Beware of people on dating apps that offer investment opportunities that are too good to be true.
That’s the message from the New York City district attorney, who recently filed charges against a lying Lothario who they say defrauded his lovers out of millions.
Nelson Counne, who is also referred to as “Nelson Roth” or “Justin Roth”, was charged by a Manhattan court with coughing up more than $1.8 million from five women through a series of romance and investment scams.
He allegedly told lie after lie to women he falsely claimed to have a romantic interest, enticing them with investment opportunities that never existed, while using their money to repay past victims, lure new ones and his lifestyle,” the prosecutor said. Alvin L. Bragg, Jr.
Related: The Swindler Who Robbed Backstreet Boys and NSYNC Blind. “Some guys couldn’t afford their car payment.”
Dating for dollars
Counne, 69, met most of his victims through online dating sites, posing as a wealthy retired art dealer and investor with homes in London, Manhattan and the south of France, according to the indictment.
In reality, Counne owns no houses and never travels internationally – he doesn’t even have a passport. His only source of income was the money he stole from his loved ones between 2012 and 2021.
The scam worked like this: After gaining the affection and trust of his victims, Counne convinced many of them to invest with him. He never shared details of his business dealings, claiming that the investments were in a “gray area between legal and illegal” and that he had access to inside information.
Some of his bogus investments included Alibaba and a start-up allegedly run by a former Google executive, which allegedly offered an online lottery that potential students could pay to participate and win tuition.
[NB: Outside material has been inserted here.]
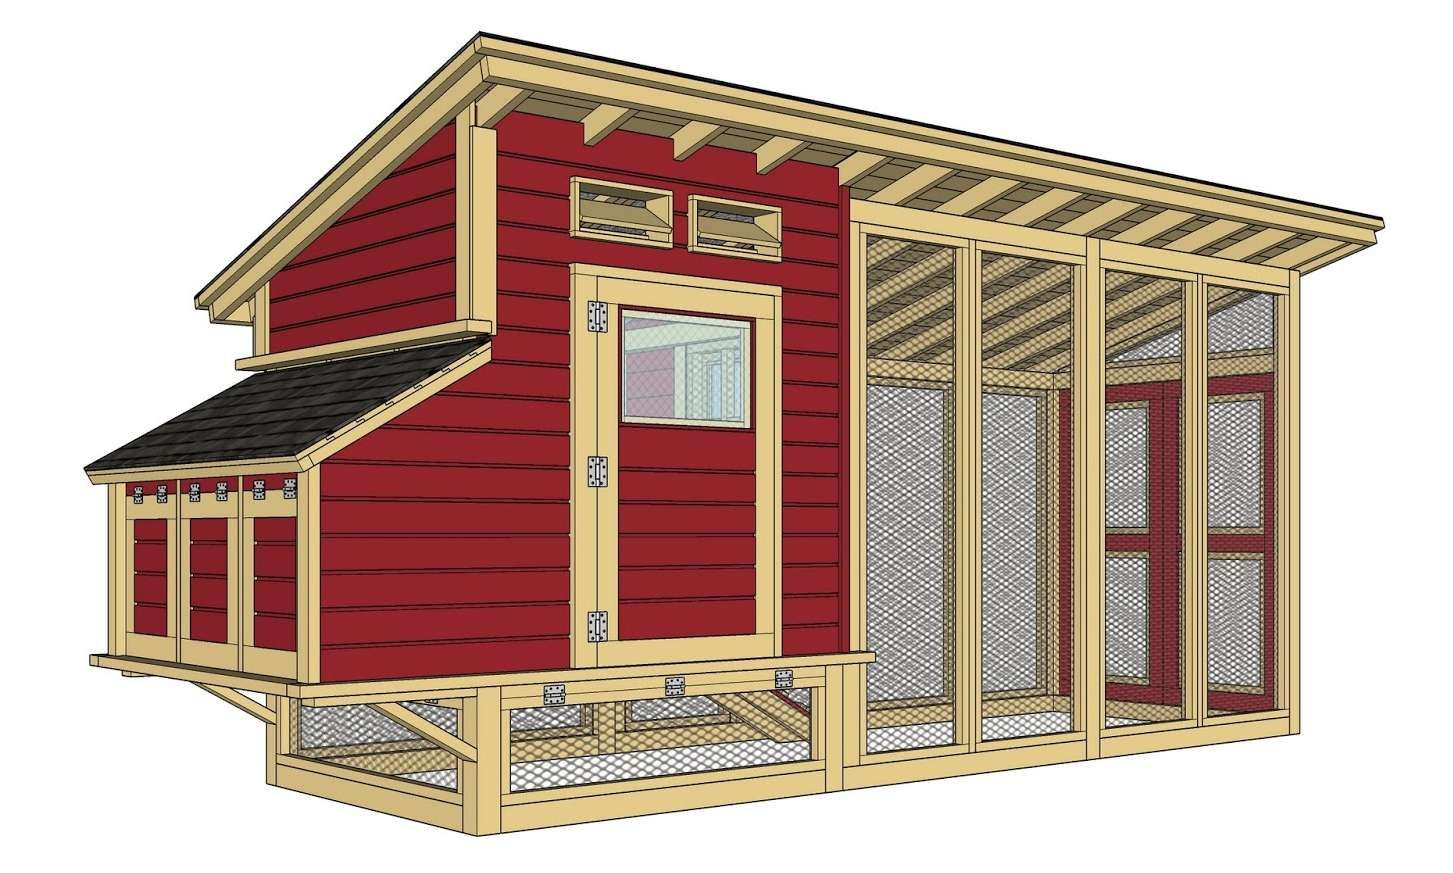 A Small Chicken Coop With The Door Open And Windows On It&amp;#039;S Side, In avec Plan Poulailler Pdf Gratuit

“Most of the victims were hesitant at first, but Counne persisted until they all agreed to invest,” said a press release from the Manhattan District Attorney’s Office.
A Ponzi scheme
The prosecutor alleges that Counne carried out a classic Ponzi scheme, using the money from one of his brands to pay for another. This enabled him to appear rich to new victims and to repay previous victims who suspected his fraud.
Counne is now charged with first-degree fraud, second-degree grand larceny, and third-degree grand larceny.
Romance scams like this one are not uncommon. In 2021, some 24,000 victims reported losing about $1 billion to romance scams, according to the FBI.